Historic house in North Carolina, United States

The Bennett Bunn Plantation is a historic farm near Zebulon, North Carolina, a suburb of Raleigh. The plantation, located beside US 264 in eastern Wake County, consists of a two-story house, built in 1833, barns, and 162 acre of farmland and forests. The property was owned by generations of the Bunn family until 2000 when Grace Hutchins, great-granddaughter of Bennet Bunn, sold the property for $1.9 million (~$ in ). The home is still used as a private residence and was listed on the National Register of Historic Places in February 1986.

Bennett Bunn inherited the land from his father in the 1820s. He lived in a log cabin on the property until he had raised enough money to construct the house. With the use of 16 enslaved people, Bunn grew wheat and corn, and raised livestock. Each generation left the property to the youngest daughter. After Hutchins inherited the land, she renovated the house by installing electricity and plumbing, as well as adding a kitchen, sunroom, and bathrooms.

The Bennett Bunn house is an example of Federal architecture, a popular style for homes during the Antebellum period of the South.
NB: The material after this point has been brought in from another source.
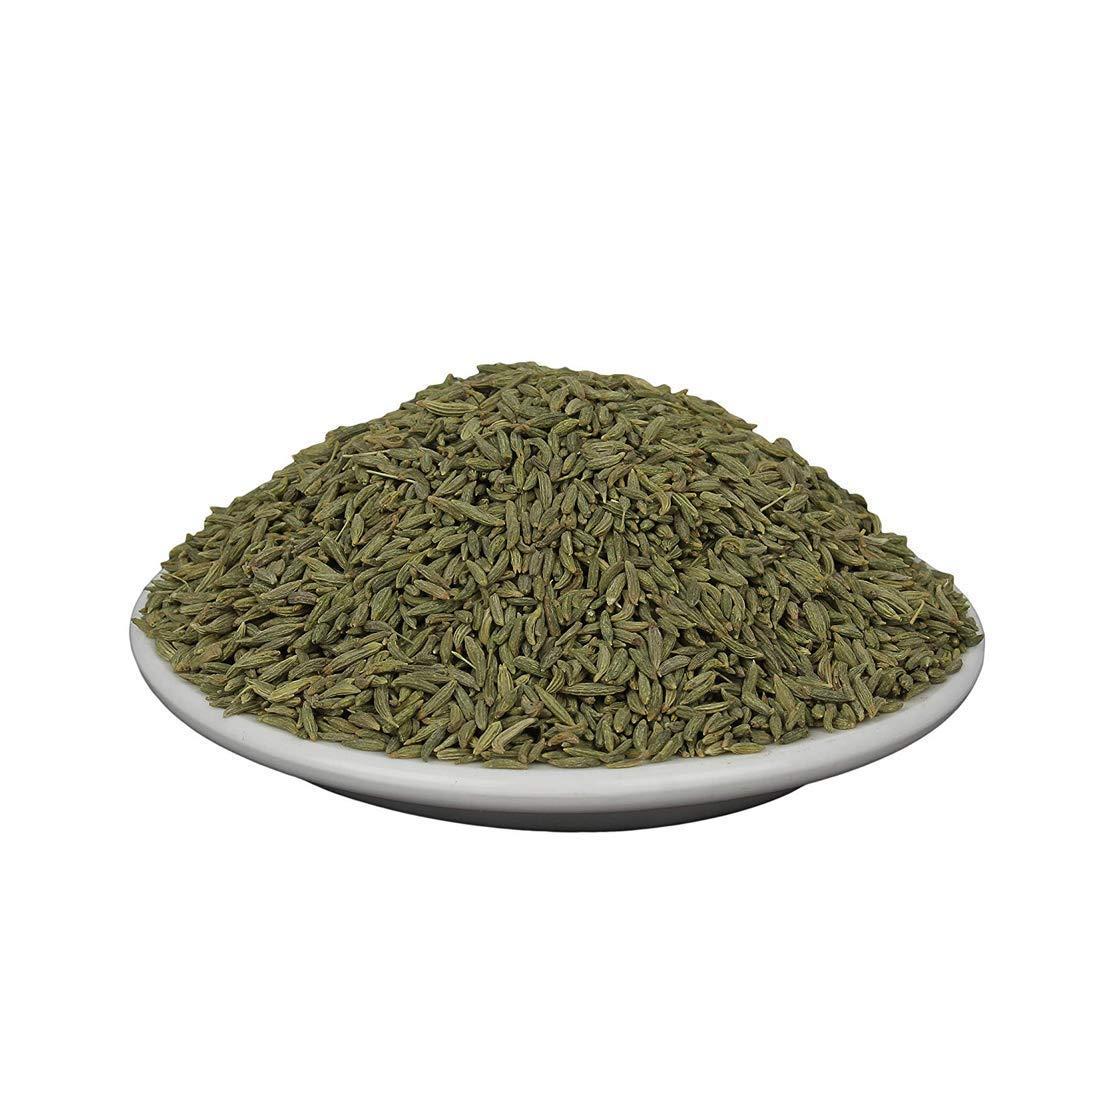 krishna kripa Indian Natural Jadi Booti Sonf Choti/Saunf Barik/Foeniculum Vulgare/Fennel Small 450 Grams
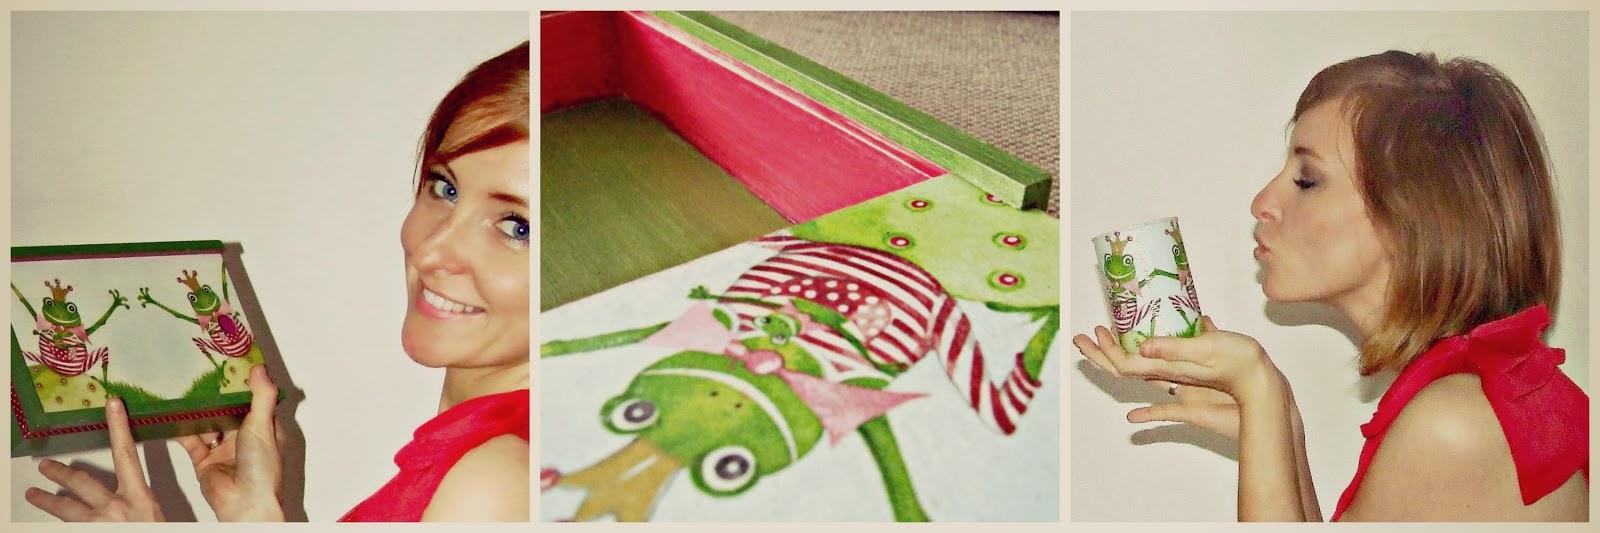 Sylwia Czubaj Eco Manufaktura kontakt blog o decoupage i hand made

The driveway is lined with cedar trees that were planted in the 1920s by Alac and Avon Bunn.

During the Civil War, a robber threw a torch through a front window of the house. The mark left by the torch hitting the floor is still visible. A mantel clock that was given to the Bunns by a Union soldier is displayed in the house. The soldier had looted the clock from another location and was tired of carrying it.

A memorial to two enslaved people who died in the 1860s, Simon Bunn and Joni Piedelle, is written on one of the walls. Five enslaved people who worked at the Bunn plantation are buried in a small cemetery on the property.